Gunmen Kill 2 Pakistani Christians Outside Courthouse

Two Christians accused of blasphemy in Pakistan were killed as they left a courthouse Monday afternoon, reported a Christian persecution watchdog group shortly after the incident.

Police were transporting Pastor Rashid Emmanuel and his brother, Sajid Emmanuel, from the court in Faisalabad to jail when masked gunmen opened fire, killing the two Christians and seriously wounding a policeman accompanying them before getting away, reported Washington-based International Christian Concern.

The brothers had been arrested on July 2 after being accused of writing a pamphlet with blasphemous remarks about the Muslim Prophet Muhammad – a crime punishable by death.

The two had just made a court appearance when Monday's attack took place, prompting strong words from ICC.

"It's outrageous that the Islamists managed to kill the Christians while they were under police custody," exclaimed Jonathan Racho, ICC's regional manager for South Asia.

"This is another indication of the value and status of Christians within Pakistan," he added. "We call upon the international community to hold Pakistan responsible for its mistreatment of Christian minorities."

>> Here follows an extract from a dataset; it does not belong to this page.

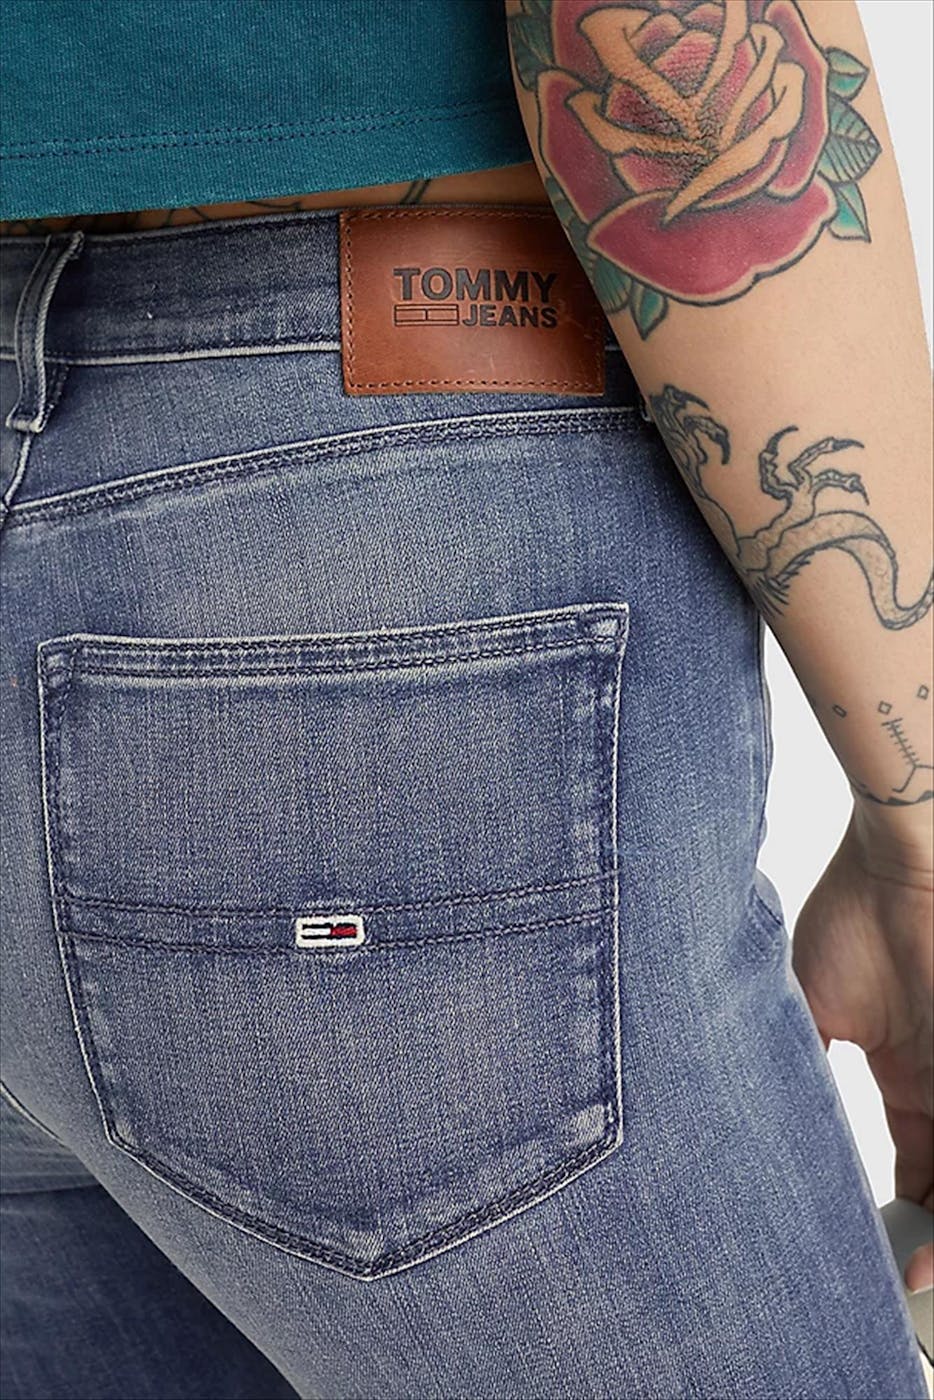 Tommy Jeans - Blauwe Sylvia Super Skinny jeans

While the U.S. State Department noted in its last report on religious freedom in Pakistan that the Islamic republic took some steps to improve its treatment of religious minorities during the reporting period, it said "serious problems remained."

"Authorities routinely used blasphemy laws to harass religious minorities and vulnerable Muslims and to settle personal scores or business rivalries," the department reported.

Furthermore, it added,"[m]obs occasionally attacked individuals accused of blasphemy and their families or their religious communities."

"When blasphemy and other religious cases were brought to court, extremists often packed the courtroom and made public threats against an acquittal," the department noted. "Religious extremists continued to threaten to kill those acquitted of blasphemy charges. High-profile accused persons often went into hiding or emigrated after acquittal."

In the case of the slain Pakistani Christian brothers, the families of the men have maintained their innocence and the minister of minority affairs said he suspected the men were falsely accused of blasphemy by people with a grudge against them.

"I personally don't think that anyone who wrote derogatory things against Muhammad would put their names on the bottom," Shahbaz Bhatti told The Associated Press. "This was just to settle a personal issue."

Notably, while there have been numerous cases of blasphemy filed against Christians in Pakistan, the U.S. State Department highlighted how blasphemy laws were rarely enforced in cases in which a minority group claimed its religious feelings were insulted, and cases were rarely brought to the legal system.

Presently, Muslims make up an estimated 97 percent of Pakistan's 180 million people.